Former trade union of the United Kingdom

The Amalgamated Malleable Ironworkers of Great Britain was a trade union representing ironworkers in Great Britain.

The union was founded by John Kane in 1862 as the Amalgamated Malleable Ironworkers. Kane became its first president and editor of its journal, which was initially known as Sons of Vulcan. He built membership up to 6,500, largely based in the north of England. In 1866, the union led a strike in opposition to pay cuts of between 10 and 60%. The strike was defeated after twenty weeks, and membership of the union fell to under 500.

Undeterred by the near-collapse of the union, Kane convinced the remaining members to adopt a new constitution and a "of Great Britain" to the name of the union. He was elected as general secretary, and was able to rapidly increase membership, which reached 14,000 by 1871, and peaked at 35,000 in 1873. However, after this date, it faced increased competition, particular in Wales, where almost all of its members defected to the rival Independent Association of Tinplate Makers. Membership began to fall, particularly after Kane's death in 1876; it was only 5,000 in 1878, and just 1,200 in 1884.

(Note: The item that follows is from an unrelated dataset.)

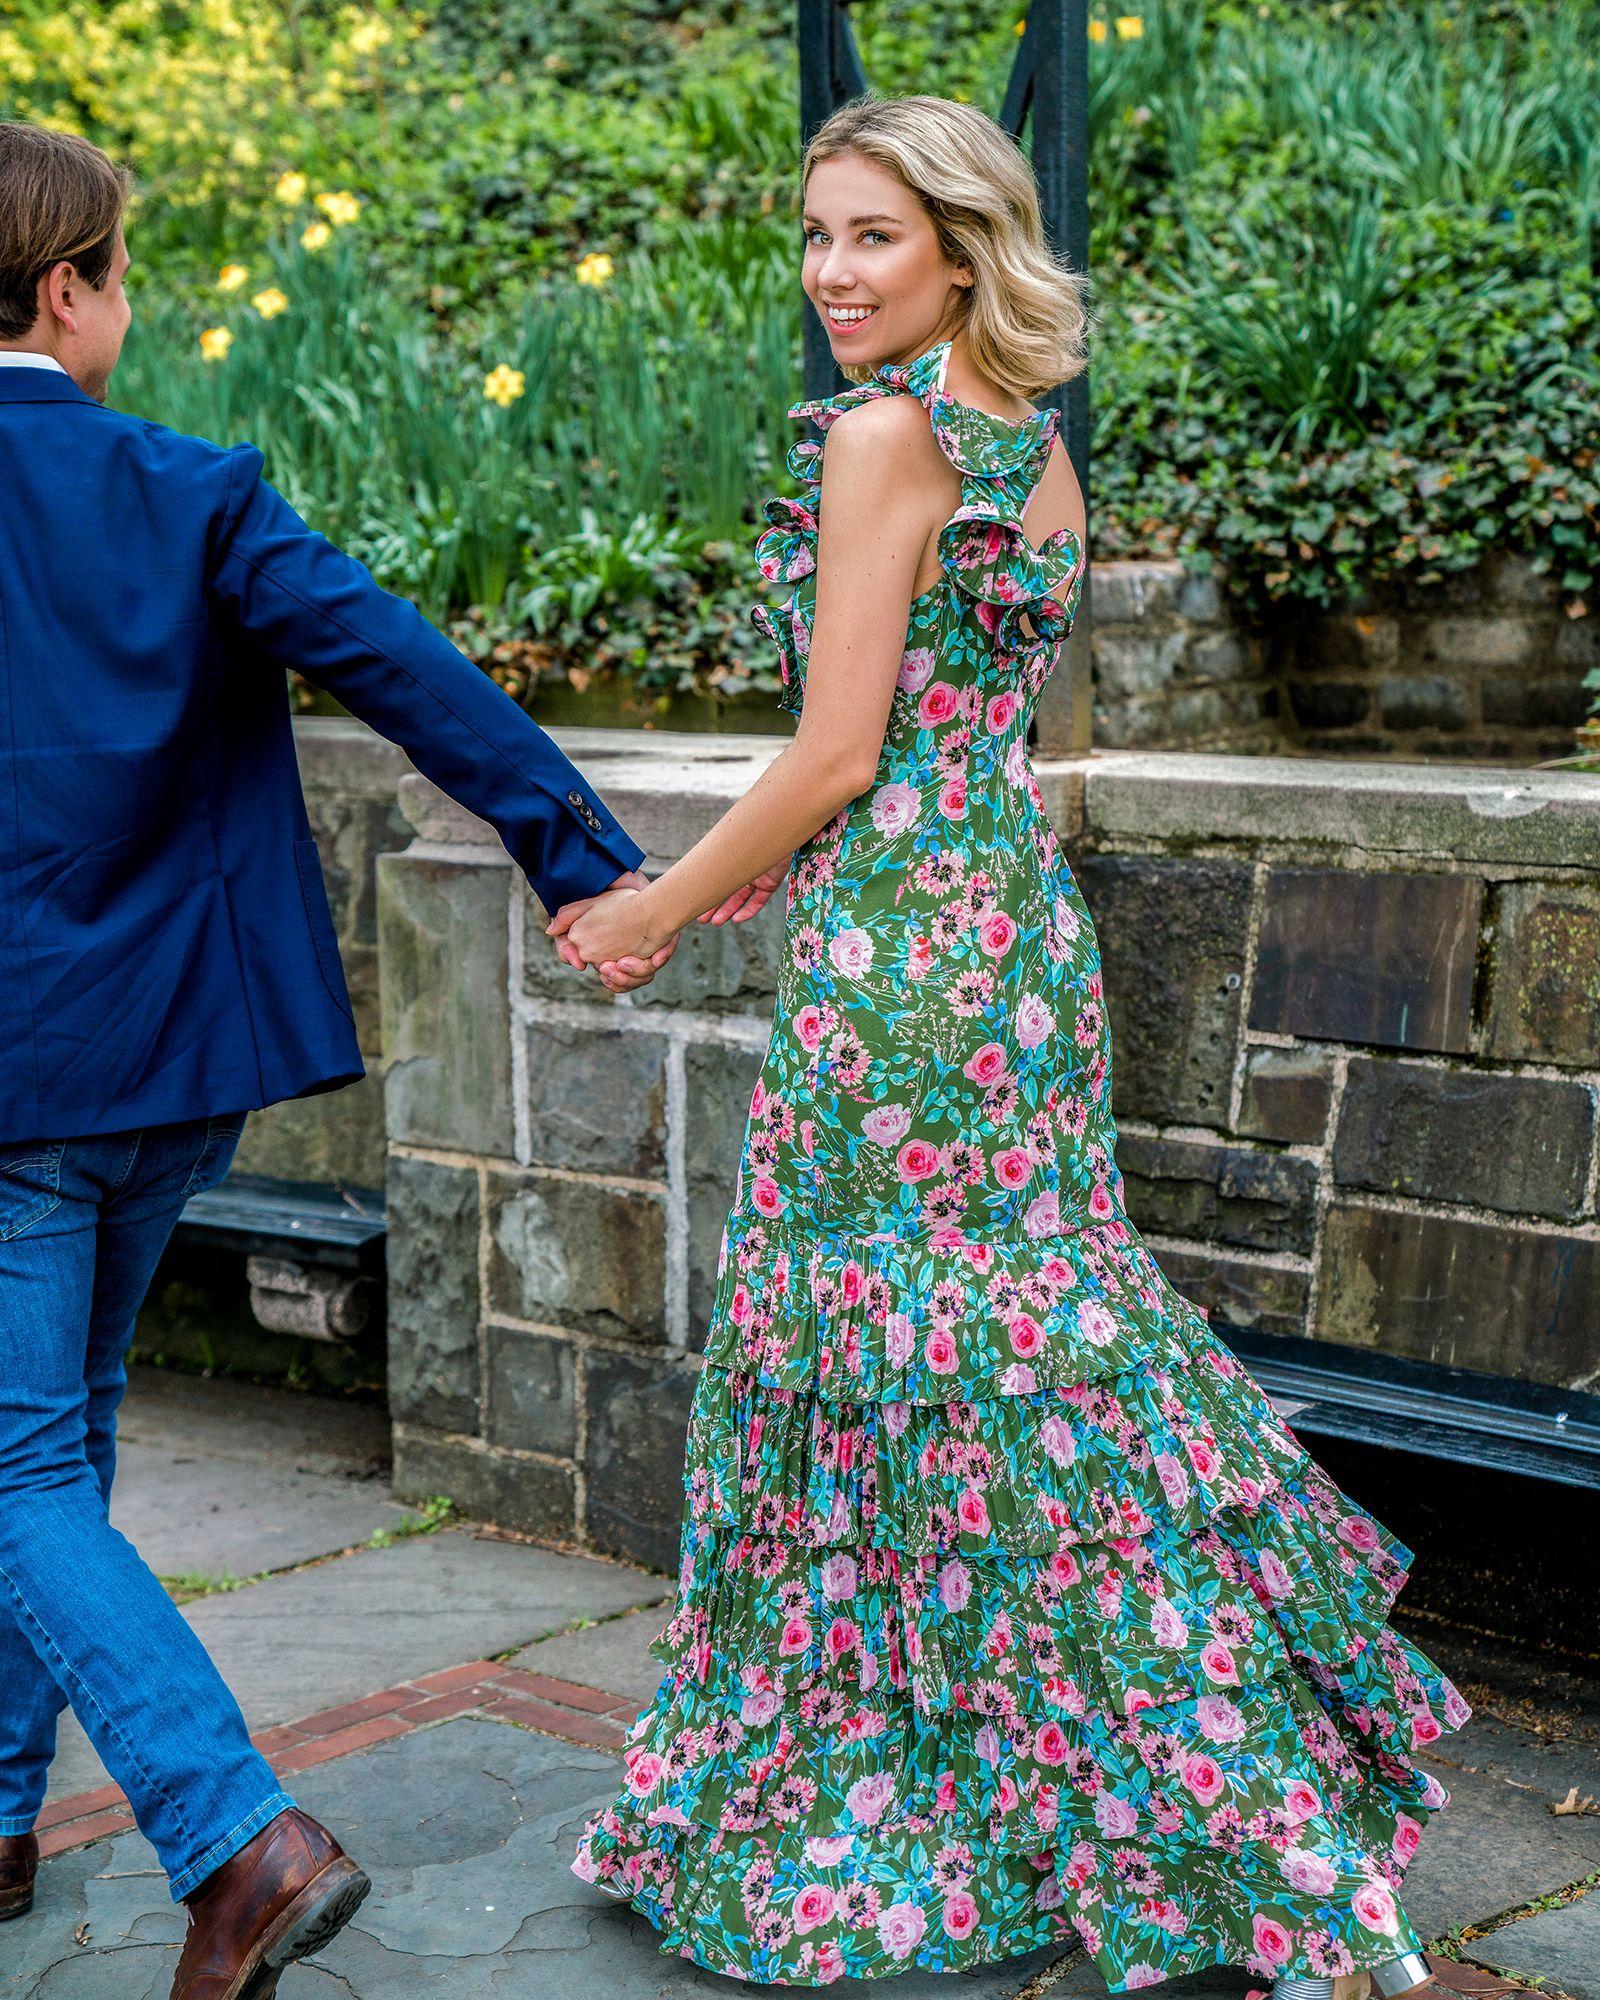 14 Most Classy Wedding Guest Dresses Ever Vera Casagrande Classy Wedding Guest Dresses Wedding Guest Dress Summer Wedding Guest Dress [ 2000 x 1600 Pixel ]

In an attempt to recruit more members, the union changed its rules in the 1880s, admitting steelworkers, and paying unemployment benefits, but this had little impact. Instead, general secretary Edward Trow founded a new union, the Associated Iron and Steel Workers of Great Britain. Most members of Malleable Ironworkers switched to the new union, the old union being formally merged in to the Associated Iron and Steel Workers in 1892.

==General Secretaries==
1868: John Kane
1876: Edward Trow

==Presidents==
1862: John Kane
1868: ?
1872: Edward Trow
1874: William Aucott
1877: ?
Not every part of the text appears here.